As a Korean, I have all the due respect and love for my identity, yet age referencing and classification continue to frustrate me. I don’t think that the saying “the older you get, the wiser you become” holds true in every case. I’ve seen more than enough people who are older but far from being wise.
At the same time, there are myriad people who are younger and smarter than me. At my workplace, usually, it’s age, not years in a career that counts in deciding the tone of voice when using honorifics, which can be more than frustrating for those who have started their career early.
Which is why I look forward to my 30s, when no one will easily try to give me treatment that cannot be described as very respectful only because I’m younger than them.
In this sense, I cannot stand physically older people giving me when-I-was-your-age nonsense or if-I-was-your-age sham.

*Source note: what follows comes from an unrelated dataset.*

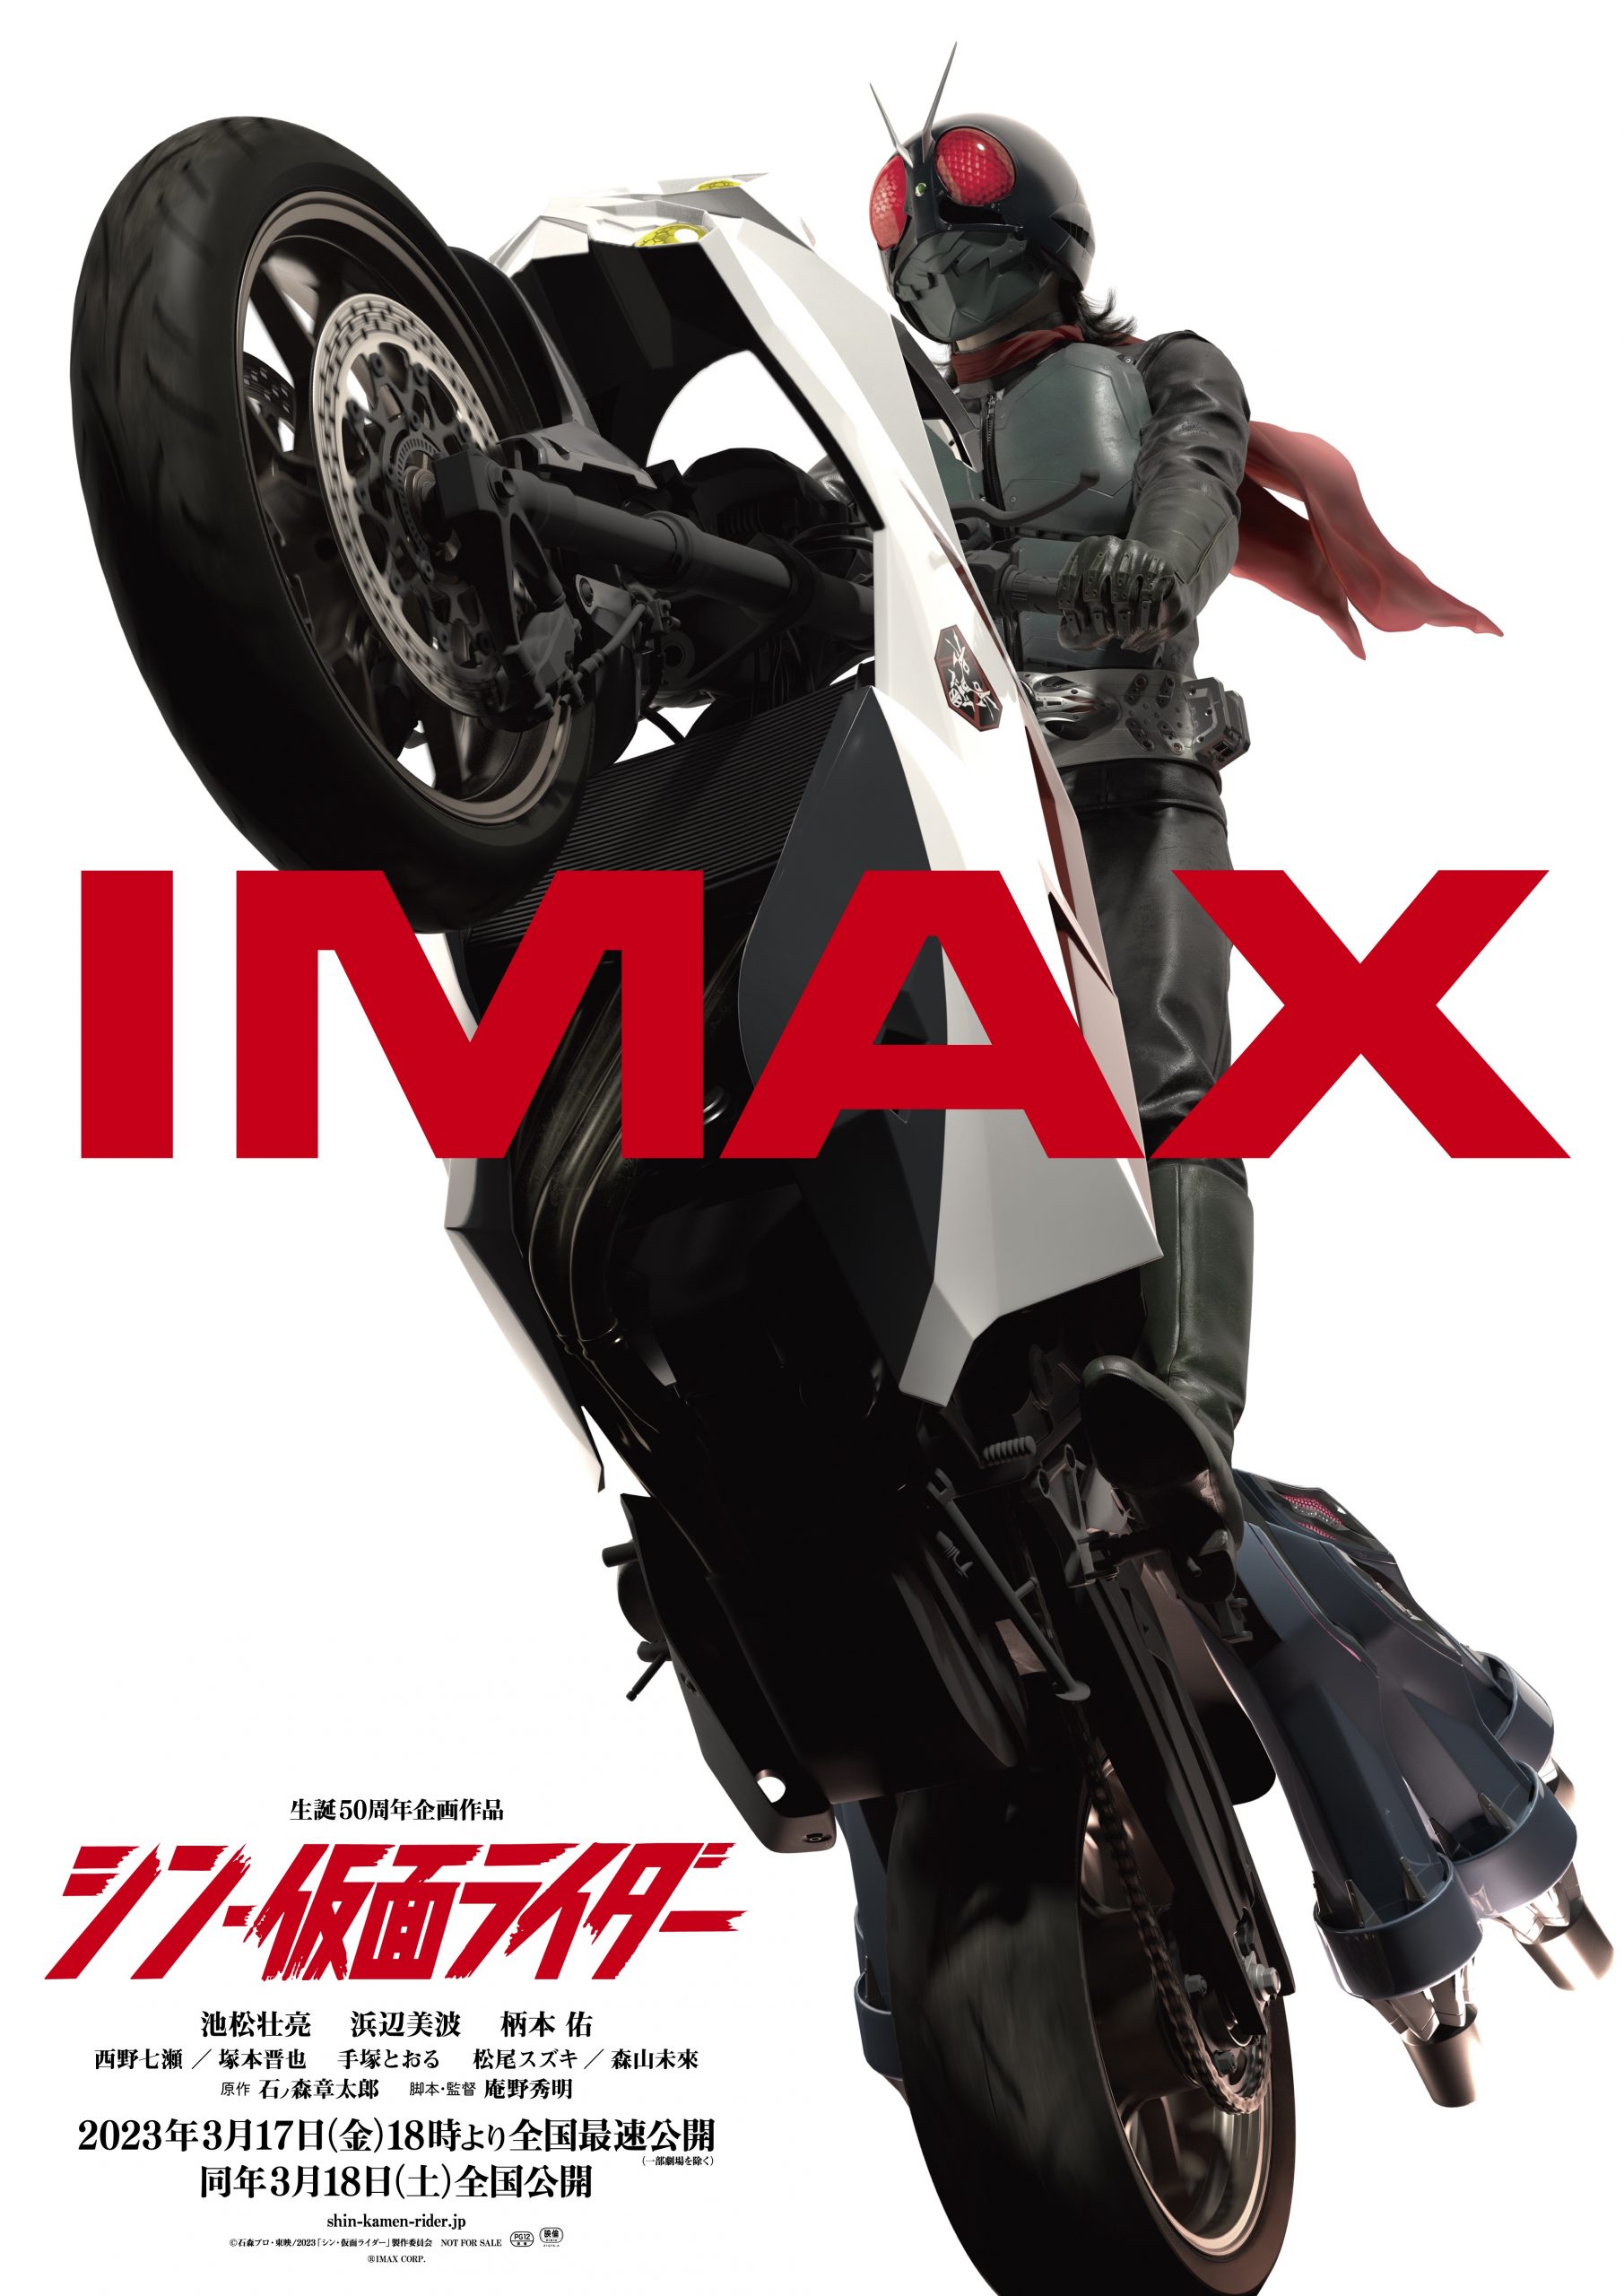 IMAXビジュアル解禁。そして、さまざまな上映形態の詳細も決定。

Among such shameless people who dare to say such nonsense only because they think they’re physically older, 99.9 percent of them believe in the strange equation that older is wiser, although they have never achieved that wisdom that supposedly comes with age.
As anyone with intelligence easily knows, age is indeed nothing but a number.
But this simple truth is so hard to find through example, as I found out on my way home in a taxi. I got in a deluxe taxi, which this plebeian writer hardly takes. However, the ride that night was very rough with the driver speeding up and breaking traffic laws. When I finally got out of the taxi with a dizzy head, I told the driver, “Please be considerate enough to consider your passengers’ feelings, especially since you’re a deluxe taxi driver.”
Then I was asked the last question I expected. “How old are you to dare to tell me what to do?” said the driver. In the Korean language ― where every tone and tense of speech is determined by age ― the taxi driver might have thought he had the right to ask how old I am. He even added, “I have a daughter of your age.”
The thing is, however, I’m not his daughter, and though I may be his daughter’s age, I’m his customer, paying my hard earned money for his reckless service.
This world is already full of things that are considered to be right but are not in fact right, and the simple truth that age is nothing but a number is one such example, or so it seems.